Oncogene volume 15, pages 1573–1581 (1997)Cite this article

Abstract

Mitochondrial alterations including permeability transition (PT) constitute critical events of the apoptotic cascade and are under the control of Bcl-2 related gene products. Here we show that induction of PT is sufficient to activate CPP32-like proteases with DEVDase activity and the associated cleavage of the nuclear DEVDase substrate poly(ADP-ribose) polymerase (PARP). Thus, direct intervention on mitochondria using a ligand of the mitochondrial benzodiazepin receptor or a protonophore causes DEVDase activation. In addition, the DEVDase activation triggered by conventional apoptosis inducers (glucocorticoids or topoisomerase inhibitors) is prevented by inhibitors of PT. The protease inhibitor **N**-benzyloxycabonyl-Val-Ala-Asp-fluoromethylketone (Z-VAD.fmk) completely prevents the activation of DEVDase and PARP cleavage, as well as the manifestation of nuclear apoptosis (chromatin condensation, DNA fragmentation, hypoploidy). In addition, Z-VAD.fmk delays the manifestation of apoptosis-associated changes in cellular redox potentials (hypergeneration of superoxide anion, oxidation of compounds of the inner mitochondrial membrane, depletion of non-oxidized glutathione), as well as the exposure of phosphatidylserine residues in the outer plasma membrane leaflet.
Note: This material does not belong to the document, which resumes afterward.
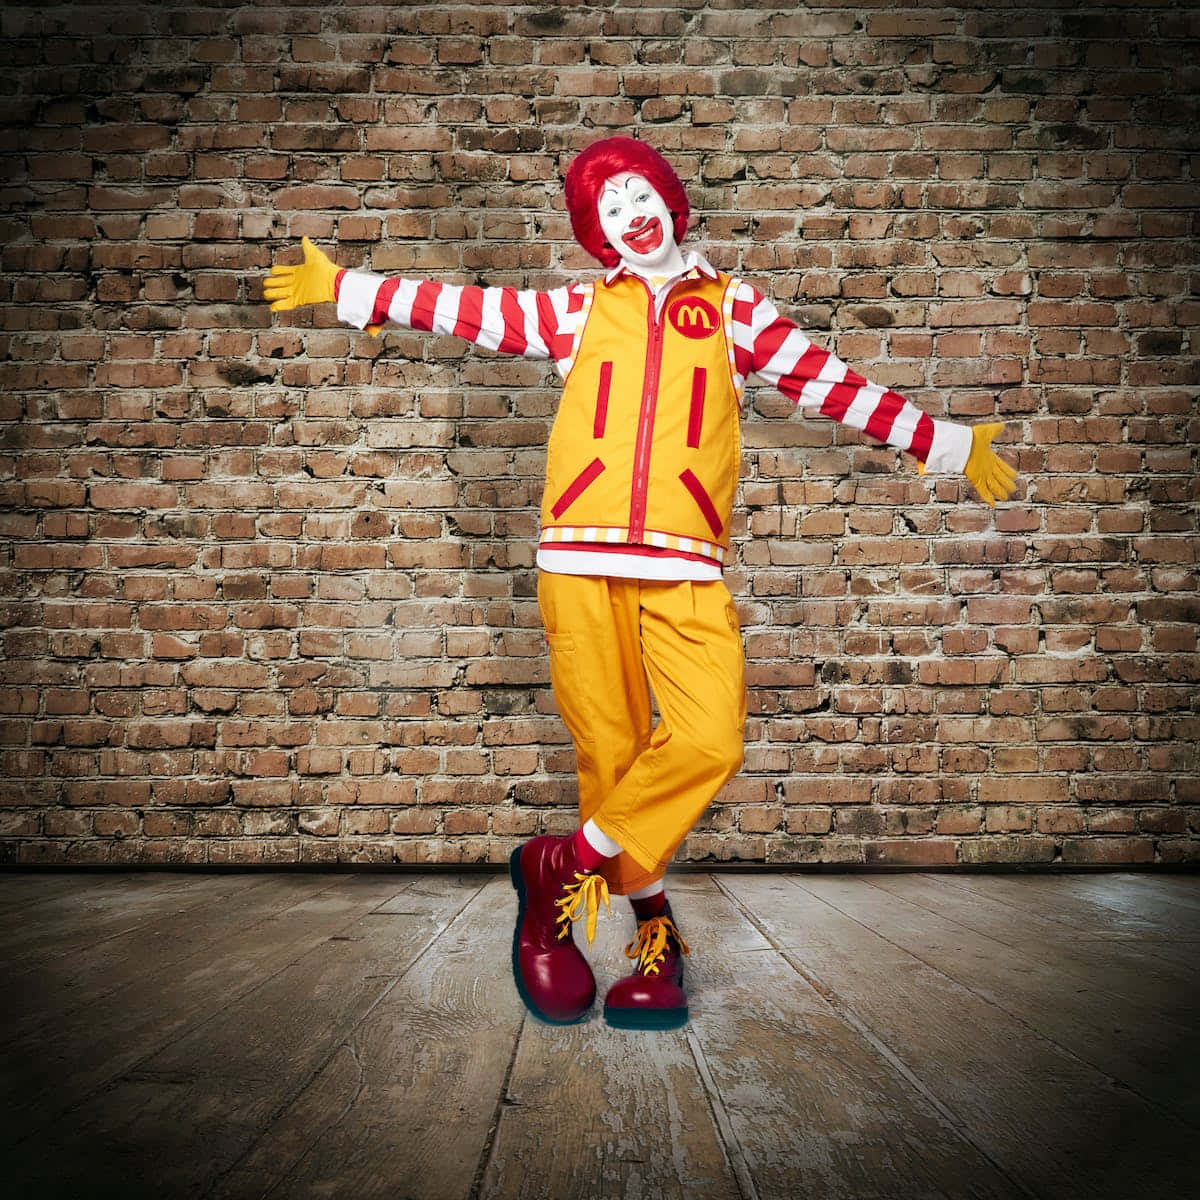 A Mcdonald's Clown In A Red Outfit

Although Z-VAD.fmk retards cytolysis, it is incapable of preventing disruption of the plasma membrane during protracted cell culture (12 – 24 h), even in conditions in which it completely blocks nuclear apoptosis (chromatin condensation and DNA fragmentation). Electron microscopic analysis confirms that cells treated with PT inducers alone undergo apoptosis, whereas cells kept in identical conditions in the presence of Z-VAD.fmk die from necrosis. These observations are compatible with the hypothesis that PT would be a rate limiting step in both the apoptotic and the necrotic modes of cell death. In contrast, it would be the availability of apoptogenic proteases that would determine the choice between the two death modalities.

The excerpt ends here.